O queijo e o drama que se fala em voz alta

“Com a mão trêmula como quem comete um crime.” O crime trêmulo da fome. É assim que Josué de Castro descreve seu personagem retirante, Zé Luís que, deserto de comida e consciência, rouba queijo de coalho para matar aquela que o matava.

“Com a mão trêmula como quem comete um crime.” O crime trêmulo da fome. É assim que Josué de Castro descreve seu personagem retirante, Zé Luís que, deserto de comida e consciência, rouba queijo de coalho para matar aquela que o matava. Está escrito no livro Homens e Caranguejos. Wandevergue também tremia quando decidiu roubar queijo, não de coalho, mas do-reino. No vertiginoso raciocínio de um homem já embriagado de bebida e raiva, aqueles dois potes, que custavam juntos R$ 85, renderiam dinheiro suficiente para alimentar as sete crianças que os esperavam em casa. Wandevergue, assim como Zé Luís, foi pego em flagrante. E isso não está escrito em livro algum, mas registrado nos jornais, nas TVs, nas rádios.

Há exatos 50 dias, Wandevergue foi notícia após roubar queijo em um supermercado no Recife para tentar vendê-lo e, assim, voltar para casa de mãos cheias, ainda que trêmulas. Terminou preso e, de seu relato de fome, daquela que poucos admitem falar em voz alta, ganhou compaixão e liberdade após seis dias de prisão. Hoje, Wandevergue ainda vive abastecido pela solidariedade de vizinhos que ajudam a alimentar a família com feijão, leite, bolachas e queijo. Mas os pressupostos embutidos na caridade incomodam o flanelinha.

“Eu vou endoidar senhora”, profetiza em um não raro instante de explosão. Wandevergue estoura para fora, em acessos de auto-afirmação, e estoura para dentro, deixando muitas vezes um concentrado silêncio tomar conta da conversa. Até seis meses atrás, o flanelinha, os filhos e a mulher grávida dormiam em papelões e um teto ora de chuva, ora de desconsolo. Nunca de estrelas.

Em uma dessas noites, o carro da assistência social parou.
– Essa é sua família?
– É sim senhor.
– Qual o nome dos seus filhos?
– Fuba, leite, feijão, arroz, açúcar…
– E qual o seu nome?
– Eu sou ninguém.
– Você é louco?
– Eu não sou louco não, não tá vendo que todo mundo tem fome aqui?

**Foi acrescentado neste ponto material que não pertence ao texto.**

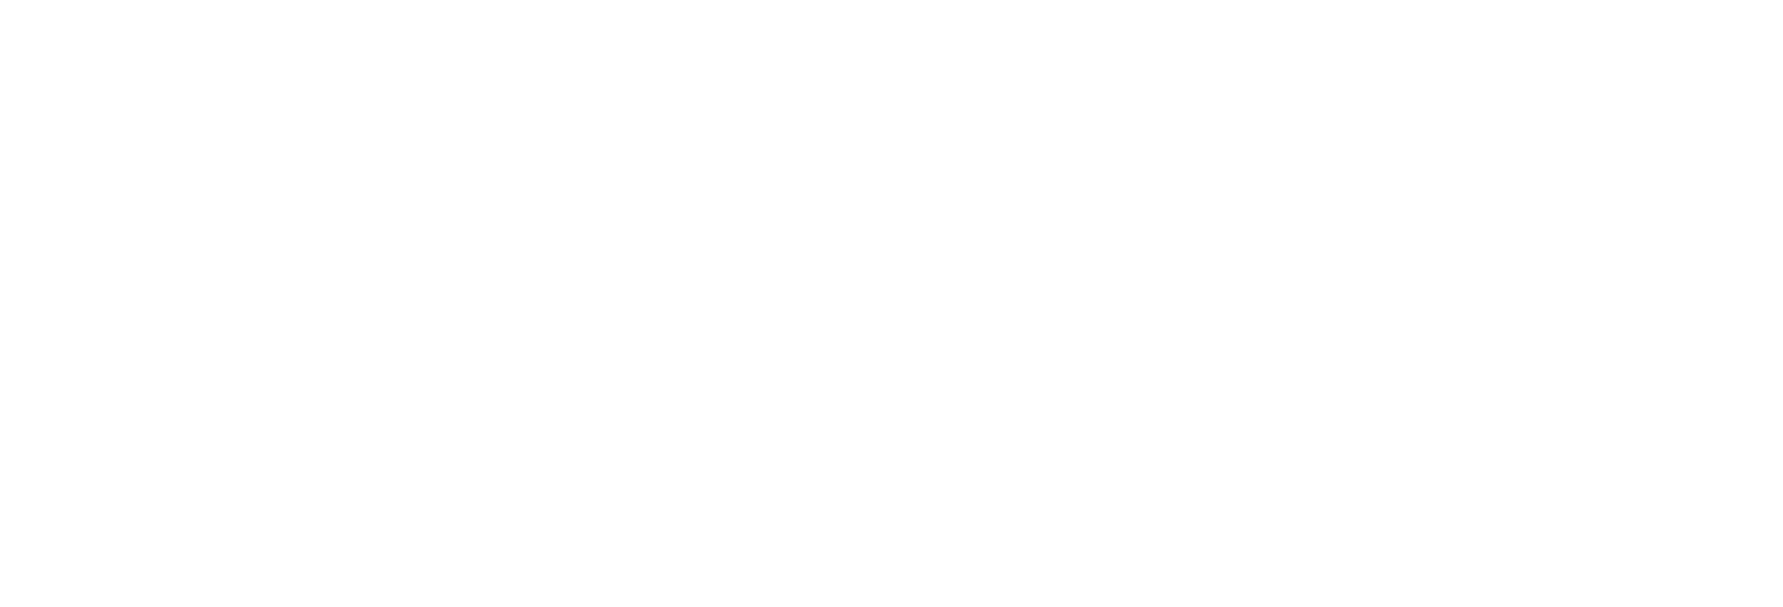 Ministerio de Educación y Cultura - Declarado de interés ministerial

Mas o assistente social foi embora. Parecia não entender de metonímias. E o morador da rua, sem jamais ter ouvido falar em figuras de linguagem, engoliu seco novamente.

Wandevergue Rosas Paiva, 41 anos, estudou apenas até a 4ª série do ensino fundamental, perdeu a mãe para a violência e do pai só lembra do carro Brasília com que ele viajou para São Paulo. Vive dos trocados que ganha como flanelinha, nunca teve carteira de trabalho e soma agora duas passagens pela prisão. A primeira aconteceu 92 por envolvimento com drogas. Sua companheira, Andréia Miguel dos Santos, 32, recebe uma Bolsa-Família de R$ 122 que, além de ajudar na feira, paga também as 10 parcelas de uma pequena TV onde a família pôde assistir, pelos jornais, à novela não romanceada de Wandevergue.

Para o futuro, o flanelinha fala da promessa de uma carroça que pode mudar sua vida. “Um senhor ofereceu essa carroça pra mim e se alguém trouxer ela pra cá, vou vender pastel, bolo, coxinha e espetinho. O que eu não conseguir vender, trago pros meus filhos.” O testemunho saliva de boas intenções e prova que, no Brasil, alimentar é, antes de tudo, saciar.